The area fractions of eutectic phase at different positions of samples obtained by various gravity fields are summarized in Figure 5. In normal gravity field, the curve is nearly horizontal, revealing that no macrosegregation of solute Cu occurred in normal gravity field. With the increasing gravity coefficient, the curve becomes steeper, which indicates that the solute Cu was more segregated toward the bottom of the sample with the increasing super-gravity field.

Figure 6 shows the copper content at different positions of the Al-4.5wt%Cu samples obtained in normal gravity field and super gravity field. It can be known that the copper content at the up, middle and bottom positions of the sample are 4.41 wt%, 4.45 wt% and 4.46 wt%, respectively, which are almost the same, illustrating no macrosegregation in the sample along the gravity direction in normal gravity field. While in super gravity field of G = 800, the copper content at the up and middle positions decreases to only 2.58 wt% and 3.64 wt%, respectively, and that at the bottom of the sample increases up to 8.48 wt%. The variation of copper content is consistent with the microstructures in Figure 4 and the area fractions in Figure 5.

thumbnail Fig. 3

Microstructures at different positions of Al-4.5wt%Cu samples in normal gravity field and super gravity field.

thumbnail Fig. 4

Energy spectrum of the samples.

thumbnail Fig. 5

Area fraction of eutectic phase at different positions of the sample in normal gravity and super-gravity field.

thumbnail Fig. 6

The copper content at different positions of the Al-4.5wt%Cu samples obtained in normal gravity field and super gravity field of G = 800.

3.2 Microstructures of Al-Cu alloys with varying solute content

Aiming at studying the effect of solute Cu concentration on the macrosegregation behavior in super-gravity field, experiments were carried out with Al-Cu alloys containing four varying solute Cu concentrations (the mass fraction of Cu were 4.5, 8, 11, and 15, respectively). Figure 7 displays the microstructures at different positions of the as-cast Al-Cu alloys in normal gravity field. As can be found that for each solute Cu concentration, the eutectic phase is distributed uniformly at the three areas of the sample. This illustrates that no macrosegregation of solute Cu was generated for all the Al-Cu alloys in normal gravity field. When in super-gravity field of G = 800 shown in Figure 8, with the increasing solute Cu concentration, more and more eutectic phase is distributed toward the bottom of the sample. Especially when Cu concentration is up to 15 wt%, the eutectic phase at the bottom of the sample occupies the most area. This demonstrates that the macrosegregation of solute Cu becomes severer with the increasing solute Cu concentration in super-gravity field.

The area fraction of eutectic phase at different positions of the samples obtained in normal gravity field and super-gravity field is summarized in Figure 9. All the distribution curves are horizontal in normal gravity field. While in super gravity field, the distribution curves become steeper with the increasing Cu concentration, illustrating that the macrosegregation is becoming severer with the increasing solute content, which agrees with the microstructures in Figures 7 and 8.

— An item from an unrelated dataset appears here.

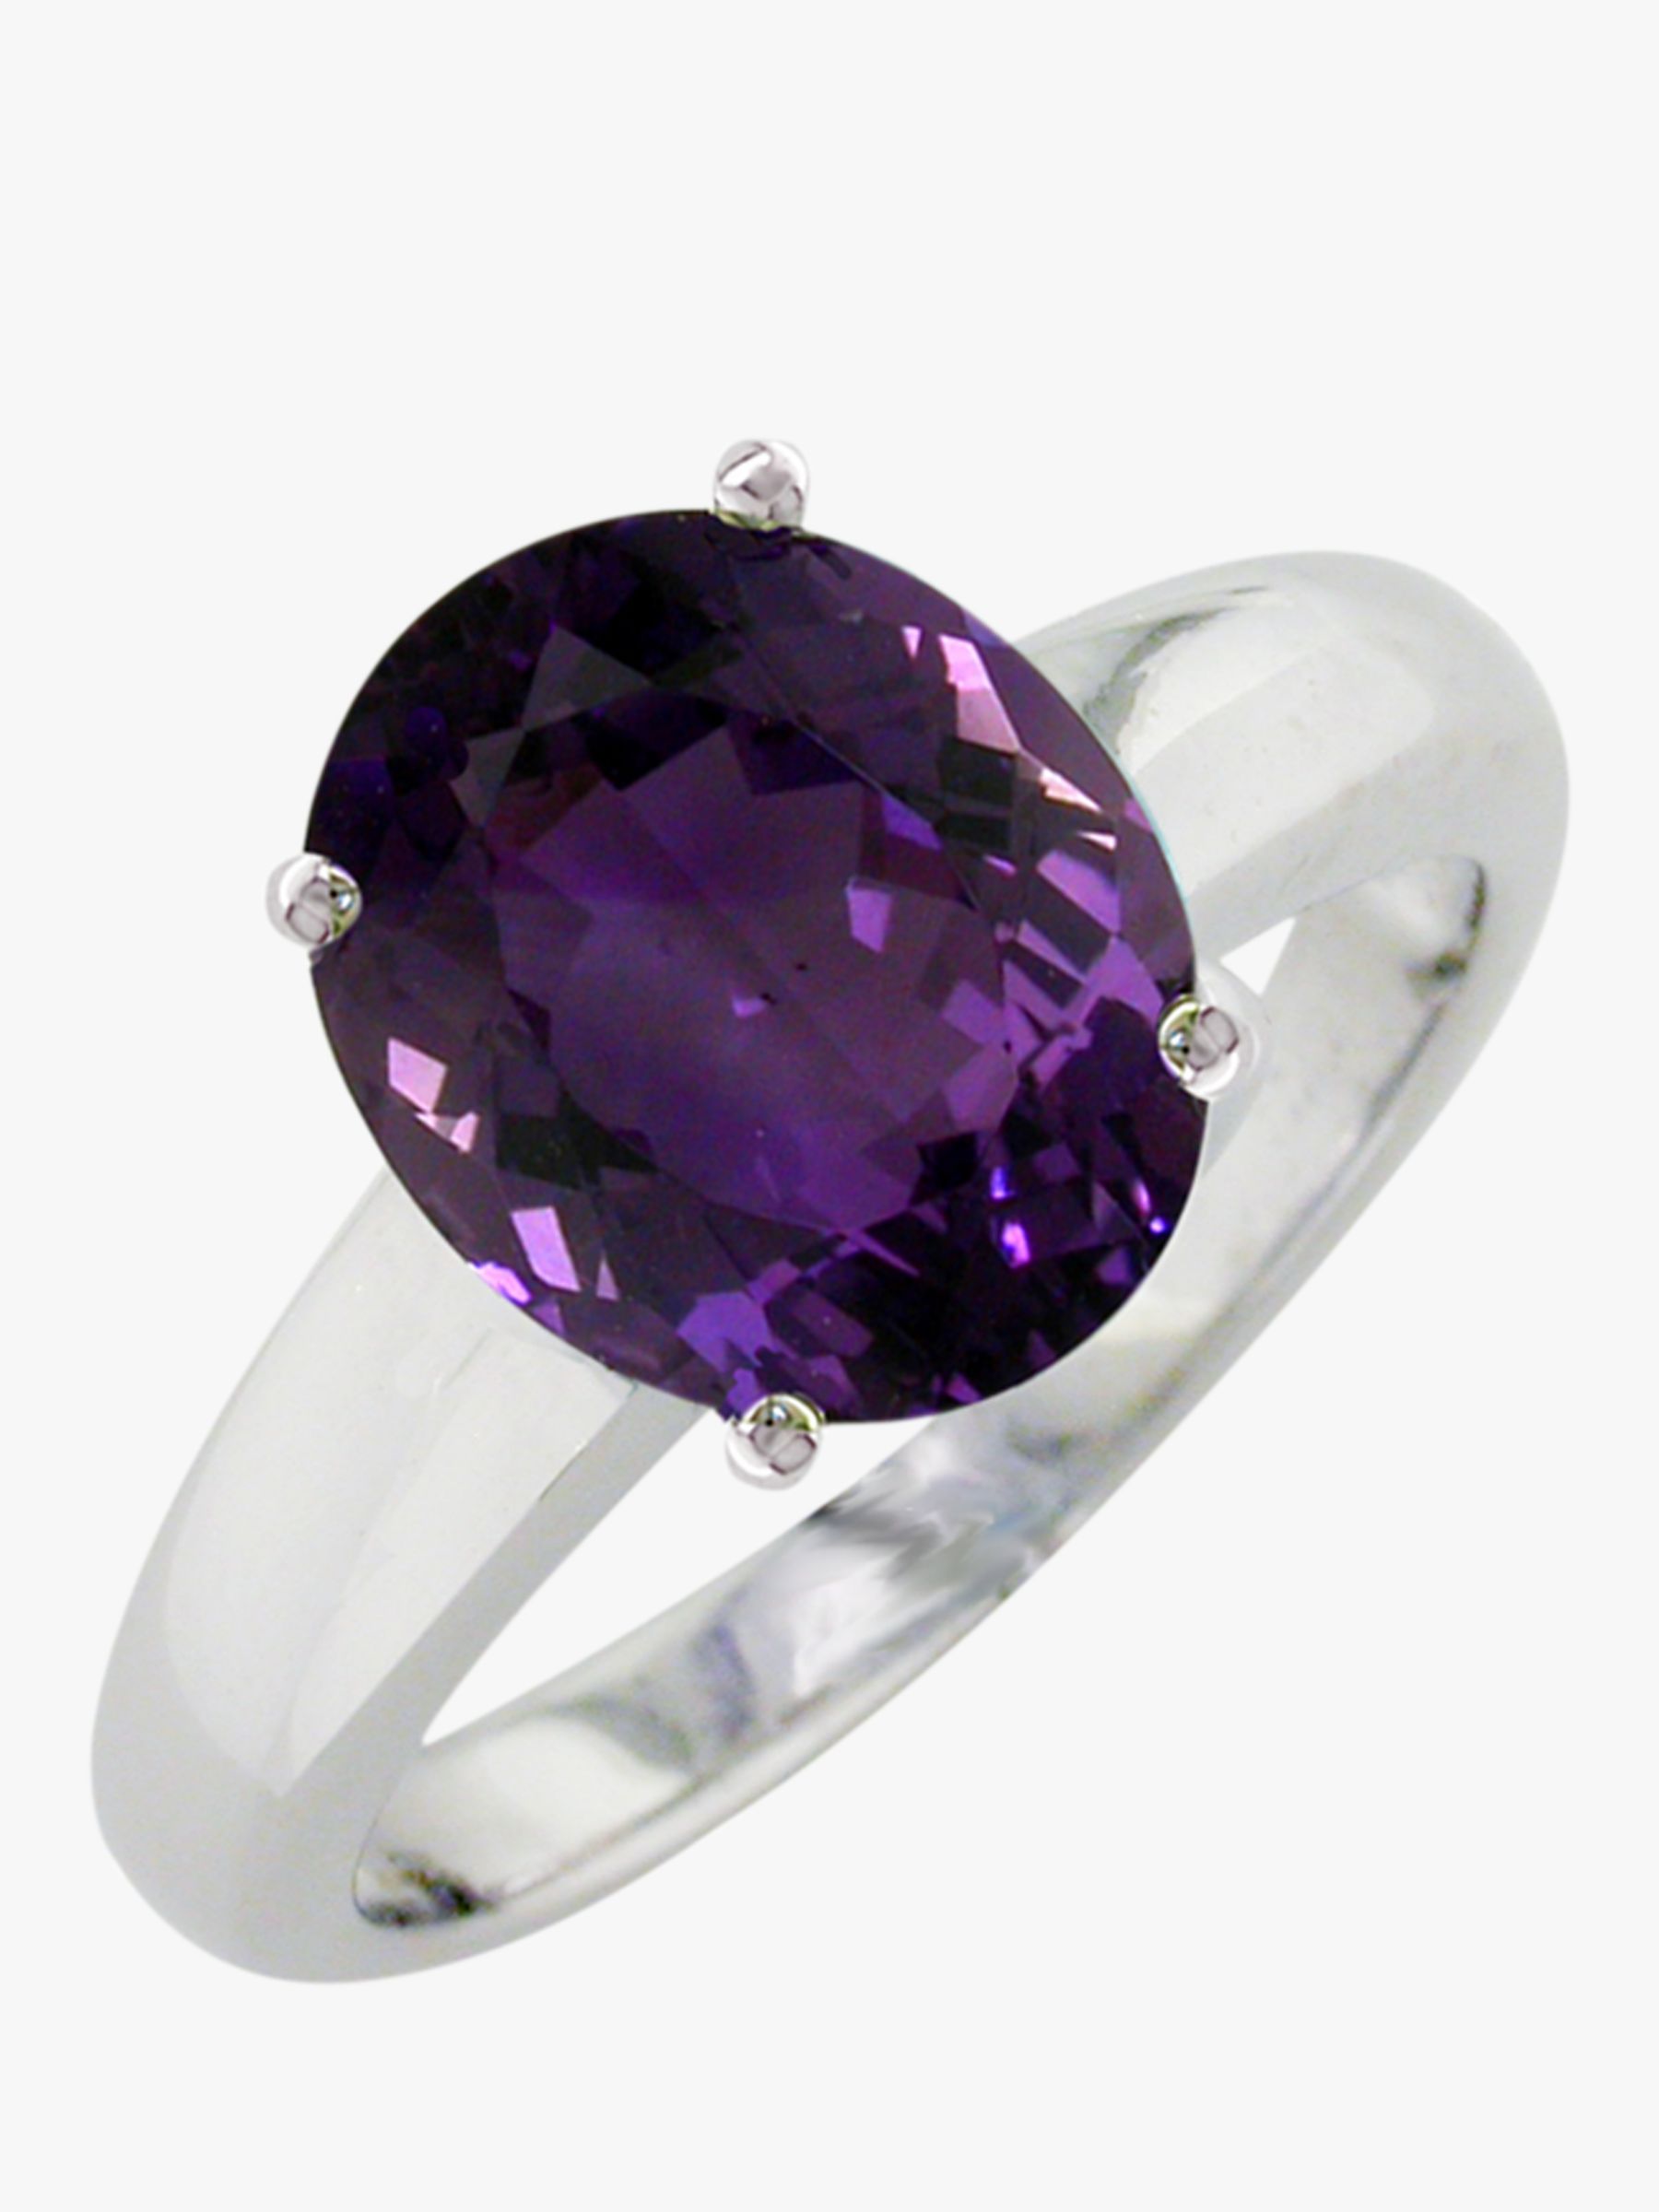 9ct White Gold Large Amethyst Ring

The copper content at different positions of the samples obtained in normal gravity field and super gravity field is displayed in Figure 10. As shown in Figure 10(a) that in normal gravity field, the copper content at the three positions are almost the same for all the Al-Cu samples, which is consistent with the distribution of eutectic phase in Figure 9(a). While in super gravity field of G = 800, the copper content at the up and middle positions decreases to 2.58 wt%, 4.61 wt%, 7.14 wt% and 8.76 wt%, and that at the bottom position increases up to 8.48 wt%, 17.64 wt%, 25.34 wt% and 30.56 wt% for Al-4.5wt%Cu, Al-8wt%Cu, Al-11wt%Cu and Al-15wt%Cu samples, respectively, which matches with the distribution of eutectic phase in Figure 9(b).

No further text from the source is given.